The researchers also found that coral health suffered when there was high wave stress around the outer edges of reefs – heavy pounding that inflicts physical damage. High wave stress may become more common as climate change proceeds and sea levels rise. Conversely, protected reefs subject to less intense pounding had higher levels of healthy coral cover.
Rogers’ study suggests how coral die-offs in other, similar reefs may proceed if global ocean temperatures continue to rise. A 2016 U.S. government-funded study reports that oceans are already warming worldwide at an unprecedented rate. If this trend continues, more coral reefs will sicken or die, threatening fisheries in coastal areas and throwing undersea ecosystems off balance.
Reefs in stagnating water zones and those exposed to heavy wave pounding may be among the first to go. “Areas of the reef that are not stressed will suddenly become stressed,” Rogers said. Corals can withstand brief water temperature fluctuations, he added, but their resistance wanes when average temperatures remain high for weeks or months at a time, as they do in areas with low ocean inflow. “What really seems to affect corals are these long-term temperature changes. They create an environment where it’s difficult for the corals to thrive,” he said.

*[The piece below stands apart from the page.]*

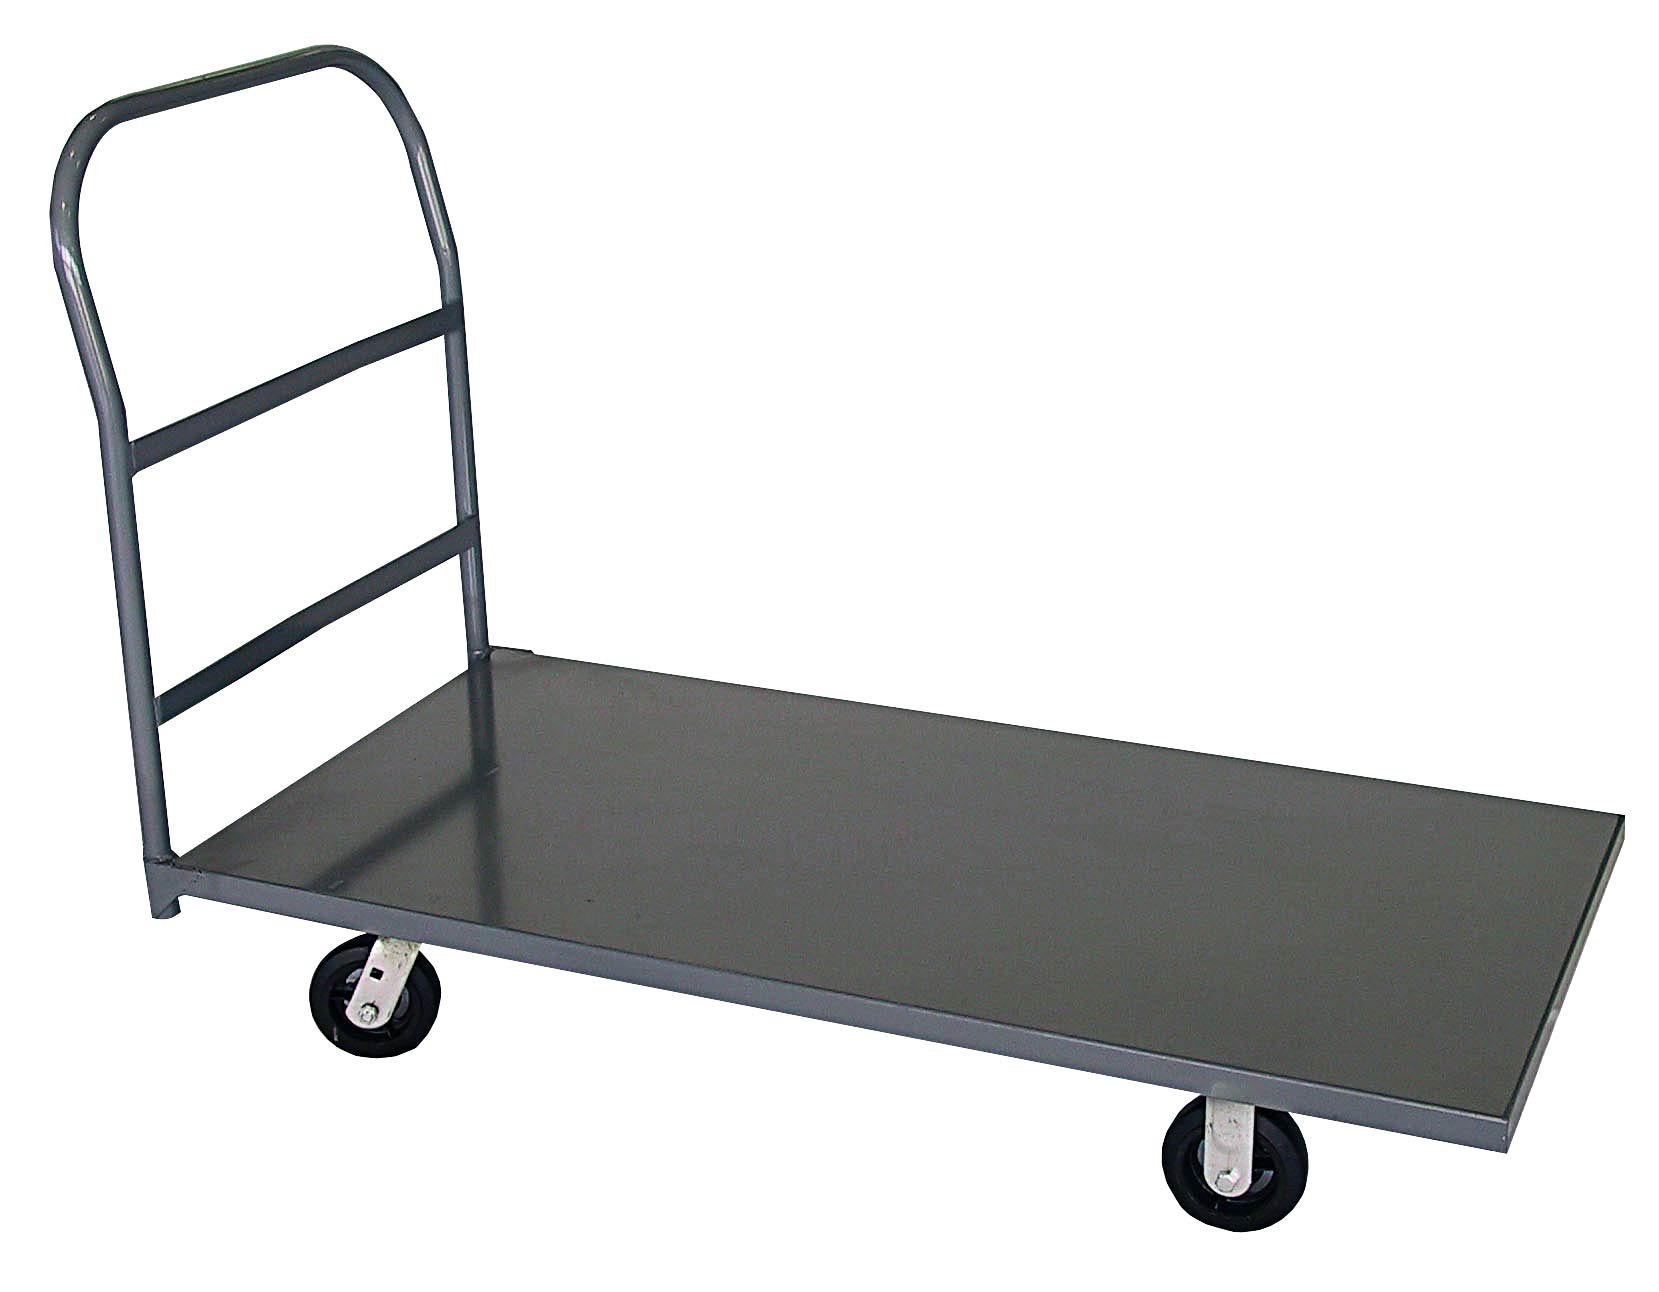 Extra Heavy Duty All Steel Platform Cart: Material Handling Equipment
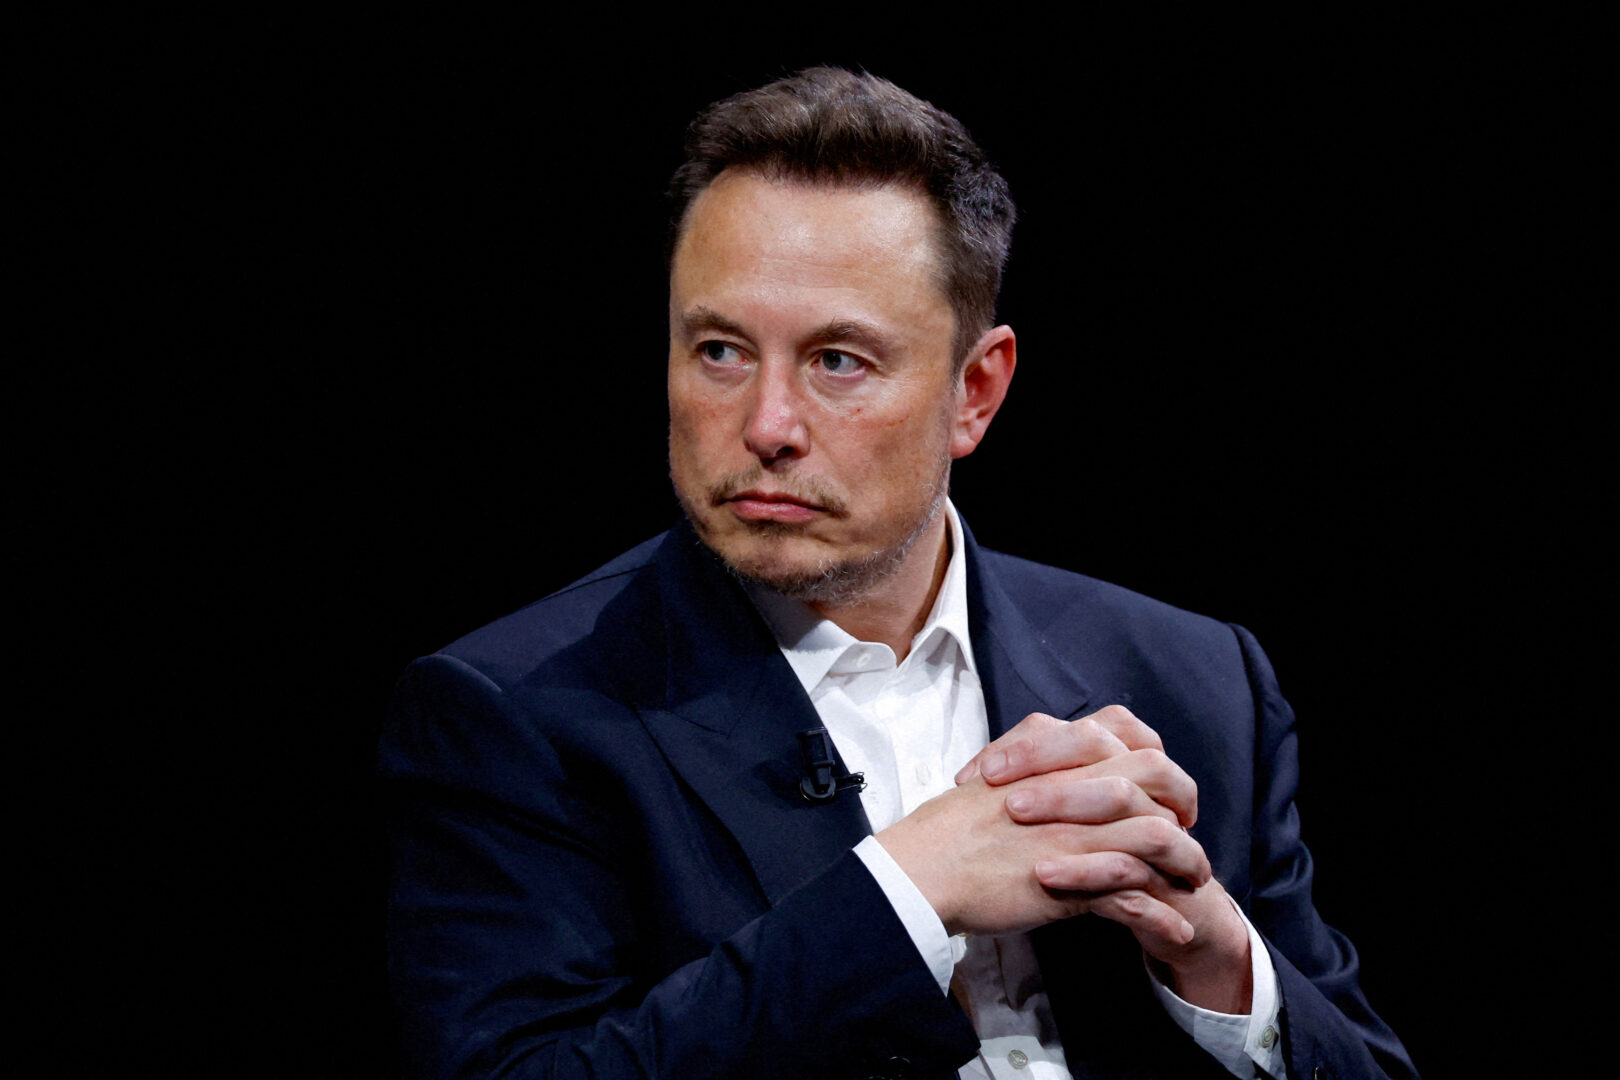 Elon Musk amenință că va interzice dispozitivele Apple după ce compania a anunțat integrarea ChatGPT

While the prognosis may be grim, Rogers’ findings also suggest practical strategies to salvage as many reefs as possible. “At a local reef scale, we could look at promoting flow in some areas,” he said, though he cautioned that such interventions would have to be vetted carefully to avoid unintended adverse consequences.
But in a warming world, certain reefs may be so severely stressed that they would be unlikely to survive even with help. He suggests that limited conservation funding is best directed to reefs with high ocean inflow, which still have a fighting chance.
“The reefs [with] a better chance of survival are the ones that have a better connection to offshore ocean waters,” he said. “It would be helpful to say, ‘These areas of the reef are going to do better under climate change, so let’s focus our conservation efforts [there].’”
Stanford co-authors with Rogers on the article, “Thermodynamics and hydrodynamics in an atoll reef system and their influence on coral cover,” are Stephen Monismith, David Koweek, Walter Torres and Robert Dunbar.